Ask HN: Deliberate practice to make for a better developer - raju

I am currently reading "Talent Is Overrated". The book attempts to elaborate on a paper by Ericsson (I posted a link on HN yesterday http://news.ycombinator.com/item?id=1109919).<p>I was wondering, how would one go about practicing deliberately to make oneself a better developer. The book attempt to break down the elements of deliberate practice, some of those are<p>- The practice itself - The book recommends finding a teacher or a mentor (if you are not already a star performer) to assess and give honest feedback on what your weak points are<p>- Highlighting highly granular areas for improvement, and then practicing till you get those right - This is one area I could use a few suggestions<p>- Quick feedback loop - I can see the compiler or your tests giving you a tight feedback look, but how would you know if you are doing something in the idiomatic way, or to tell you if there is a better way of doing it? I guess a mentor could help here.<p>Has anyone here tried to apply specific principles to improve their code, or their ability to see better solutions?
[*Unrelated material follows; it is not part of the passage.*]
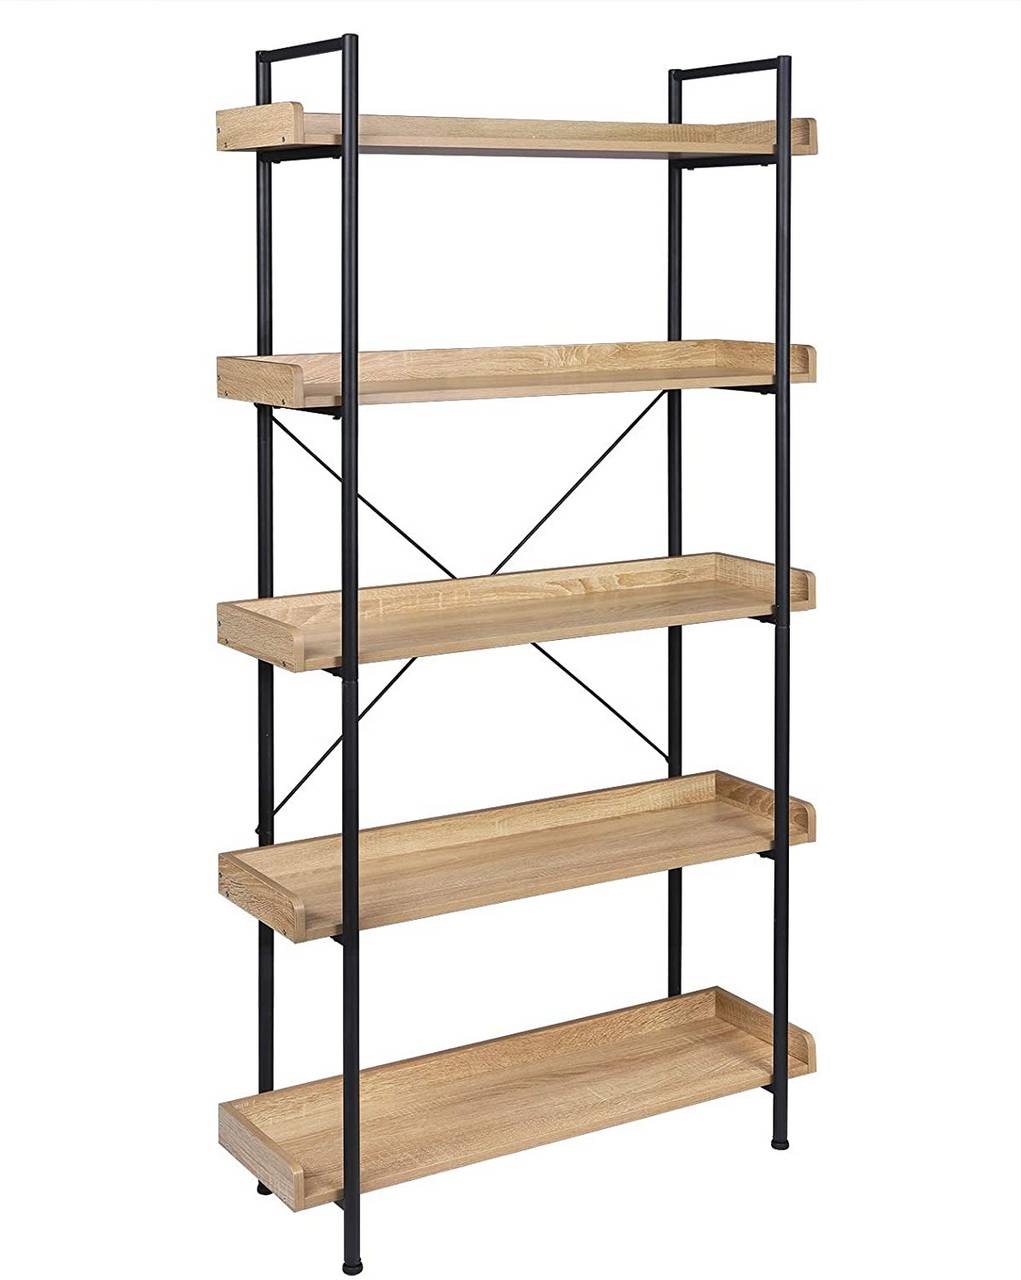 UTEX Estante de escalera de 4 niveles, estante de baño independiente,  unidad de estantería de madera abierta de 4 estantes, estante de escalera

Even when learning a new language or a new paradigm (OO, FP) I feel sometimes I hit the bounds of my comfort zone and never really step out of that.<p>Furthermore, how do you carve out areas for improvement?<p>I think this discussion might prove useful to most of here, be it improving your programming abilities or your elevator pitch.<p>[Update - Edit for formatting]
======
beagle3
Do not ever cut and paste while writing code; type it again. When I learned
programming in the ZX Spectrum / C64 era, magazines and books were also used
as a software distribution media - and you'd have to type in the program to
get the latest and greatest.

I typed my share of programs (a few tens or hundreds of pages, I would guess),
and doing that helped me figure out stuff like

\- which constructs are easier to memorise when you move your eyes back and
forth from page to screen; \- that shorter code is usually better \- to keep
only comments that would help me understand the code, NOT retype all the
idiotic/historical comments originally in the program \- you actually get
intimately familiar with lots of code styles, good and bad

------
Arun2009
This may not be 100% relevant to your question, but am posting this FWIW.

My last paid job (C++ and Java developer at an investment bank) required a 2:1
split between debugging and development work. I identified the following areas
that could use improvement.

1\. Knowledge of our code-base. I spent downtime at work reading code and
documenting the system architecture. This also called for an improvement in my
code-reading and debugging skills.

2\. Development work flow and knowledge of tools/technolgoies (GDB, Linux
kernel architecture, Perl and Bash scripting for handy scripts).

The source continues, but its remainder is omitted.